In a subsequent interview with Fox Sports Radio, Trump responded to players and their protests by saying, "Some are very nasty — very, very nasty — and frankly very dumb," and, "There was a nastiness about the NBA the way it was done, too. The NBA is in trouble. Big trouble. Bigger trouble than they understand."
All the while, the Adelsons were the largest financial contributors to Trump's 2016 presidential campaign, his legal defense fund against the investigation into Russian interference of the election, his 2020 campaign and the Republican Attorneys General Association, whose Rule of Law Defense Fund allegedly rallied and organized protesters at the Jan. 6 attack on the U.S. Capitol, including many "Unite the Right" participants.
Sheldon Adelson died five days after the Jan. 6, 2021, insurrection at the age of 87.
"Trump is a patriot. He is keenly aware of the cost to the United States of losing credibility," Miriam Adelson wrote in a 2019 front-page editorial for the Las Vegas Review-Journal (owned by the Adelsons), after a contentious choice to move Israel's U.S. Embassy to Jerusalem. "Would it be too much to pray for a day when the Bible gets a 'Book of Trump,' much like it has a 'Book of Esther' celebrating the deliverance of the Jews from ancient Persia?"
Trump awarded Miriam Adelson the Presidential Medal of Freedom in 2018. She reportedly shared dinner last month with Trump, who over the last decade has described Cuban as, among other things, "a jerk," "an arrogant, crude, dope" and a "weak man with a big mouth" who is "not smart enough to run for president."
That last bit came shortly after Cuban's 2017 criticism of Trump.
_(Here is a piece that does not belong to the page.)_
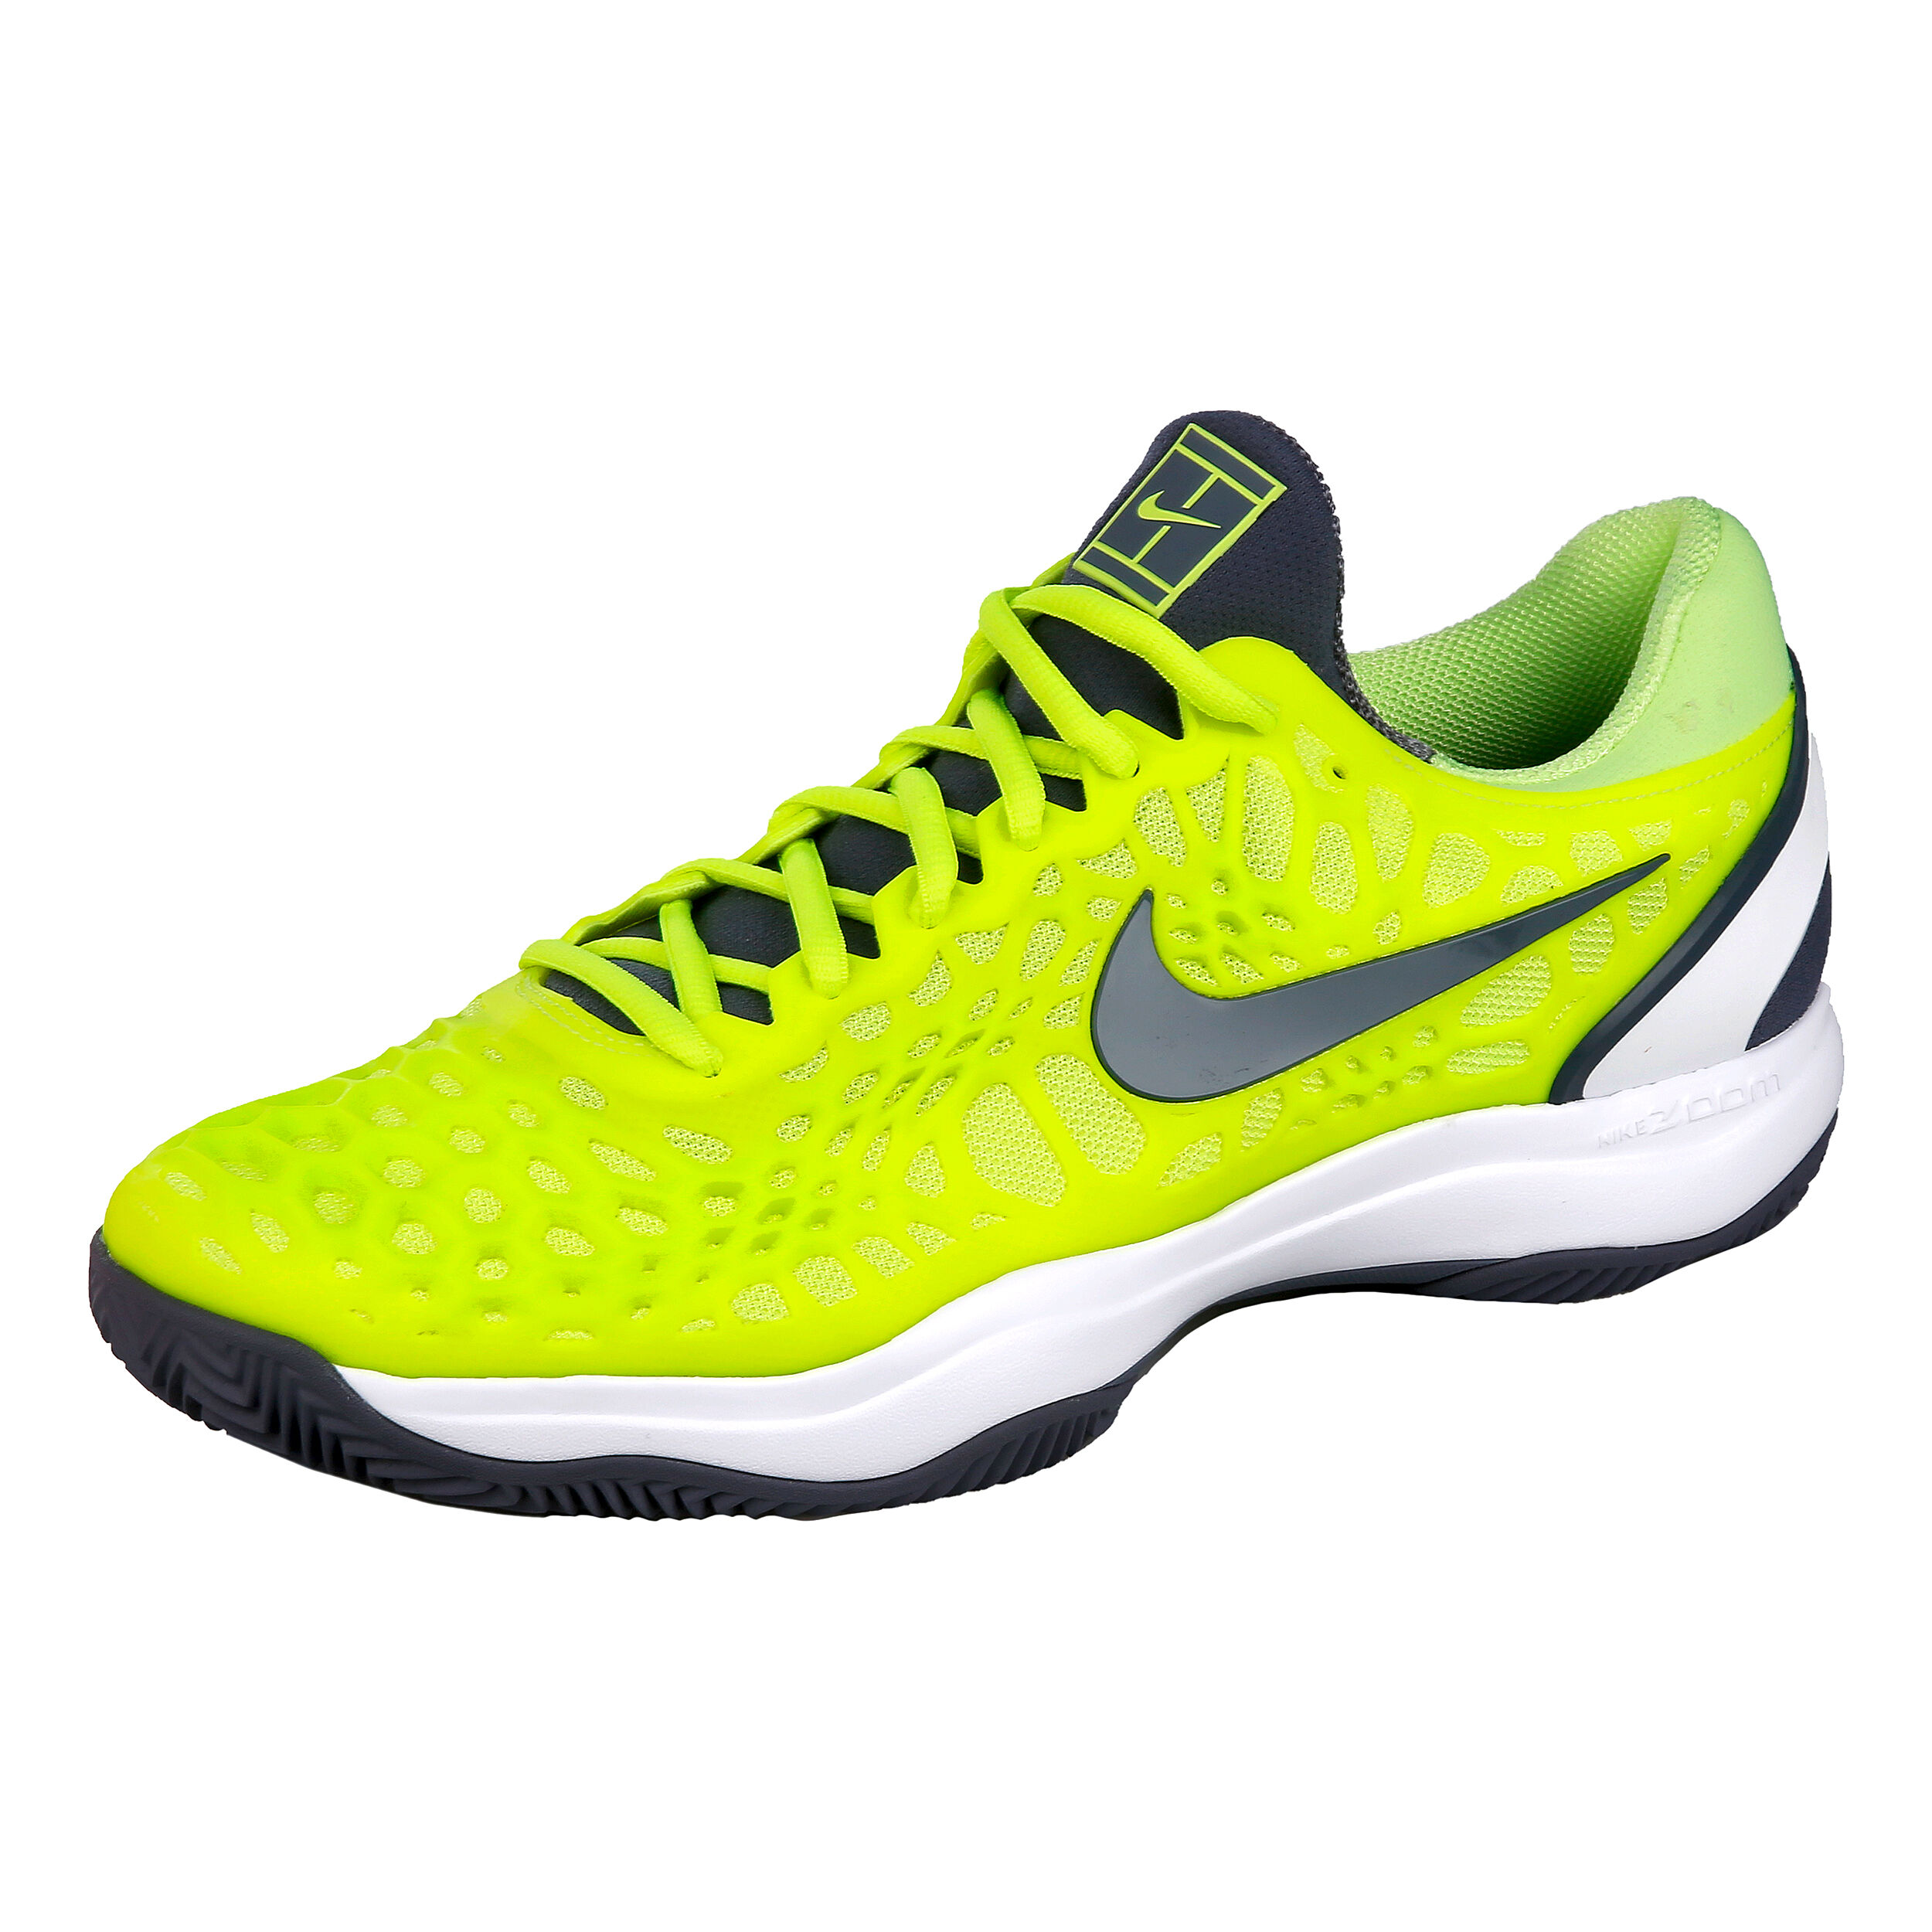 scarpe da tennis adidas terra rossa

When Under Armour founder Kevin Plank called Trump "a real asset for the country," and Curry, one of the company's most prominent spokespeople, responded, "I agree with that description, if you remove the 'et' from asset," Cuban told the Fort Worth Star-Telegram, "I’m proud of Steph for standing up for what he believes in. It’s a tough situation for CEOs."
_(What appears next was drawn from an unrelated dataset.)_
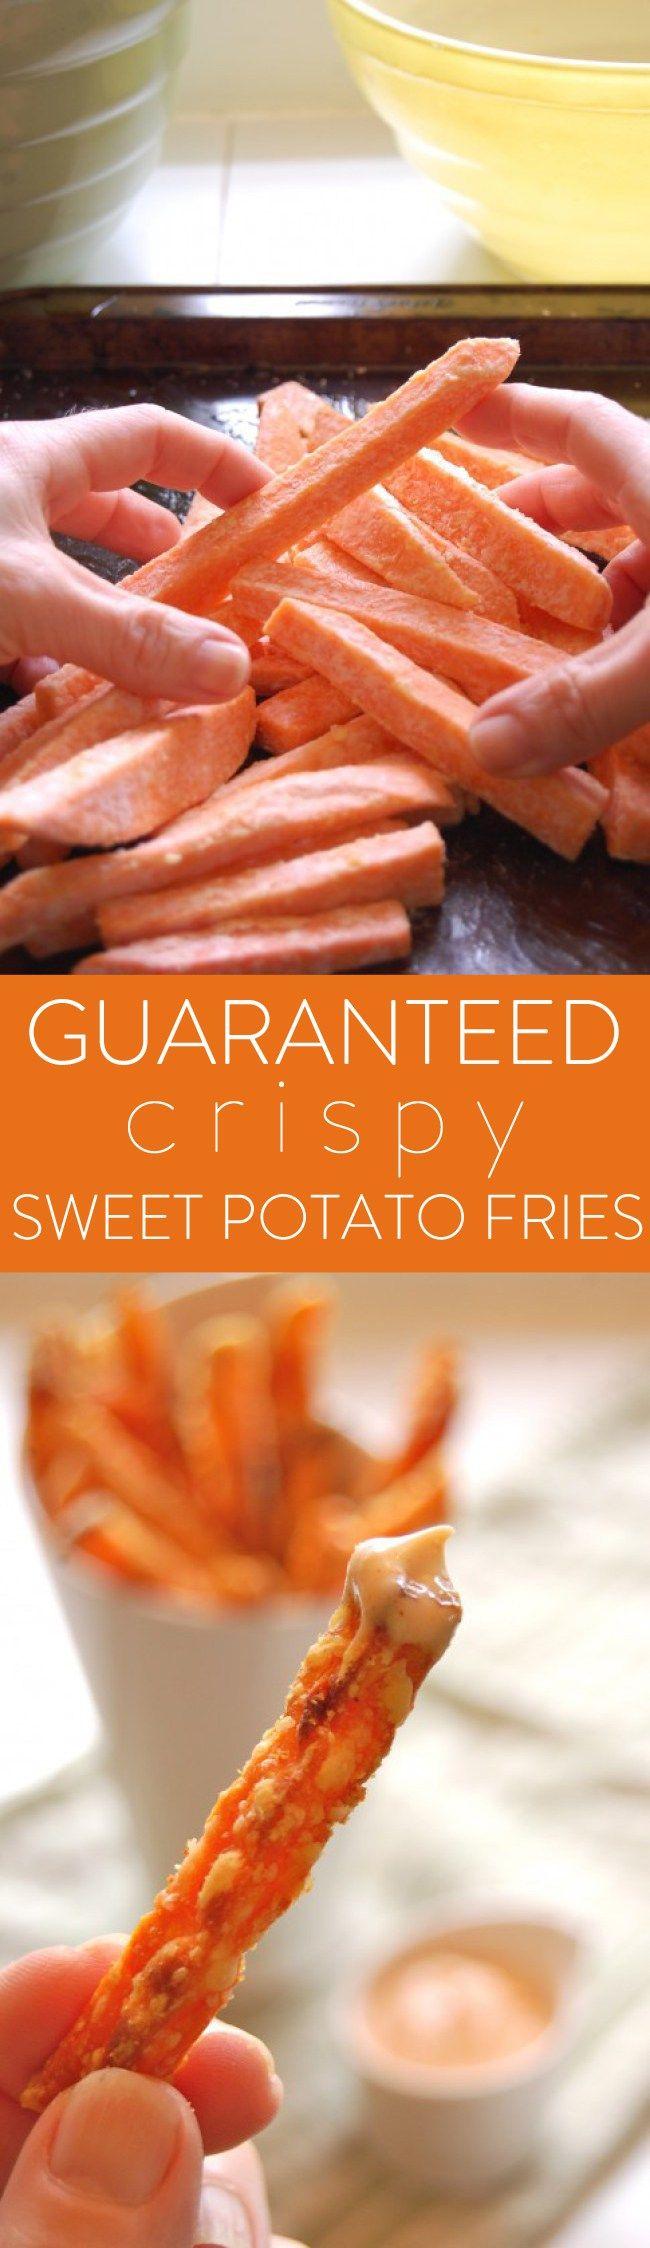 Guaranteed crispy sweet potato fries. No more mush in the mouth.

"In the bigger scheme of things, our country benefits from peaceful activism a lot more than it benefits from one more shoe being sold, or one more basketball ticket being sold, for that matter," Cuban added in that same interview. "The people that say, 'Stay away from politics,' are the people that are looking for politics."
So, what swayed the man who believes that to partner with the people who funded the ire of the NBA's political activism? For starters, a $3.5 billion franchise valuation, control of basketball operations in Dallas and the promise of "a new arena ... in the middle of a resort and casino," so long as Texas' legislation to legalize sports gambling passes in November. The leading lobbyist for that legislation? Adelson's Las Vegas Sands Corporation.
Determination: Fact. Mark Cuban's sale of the Dallas Mavericks raises serious ethical concerns in the NBA.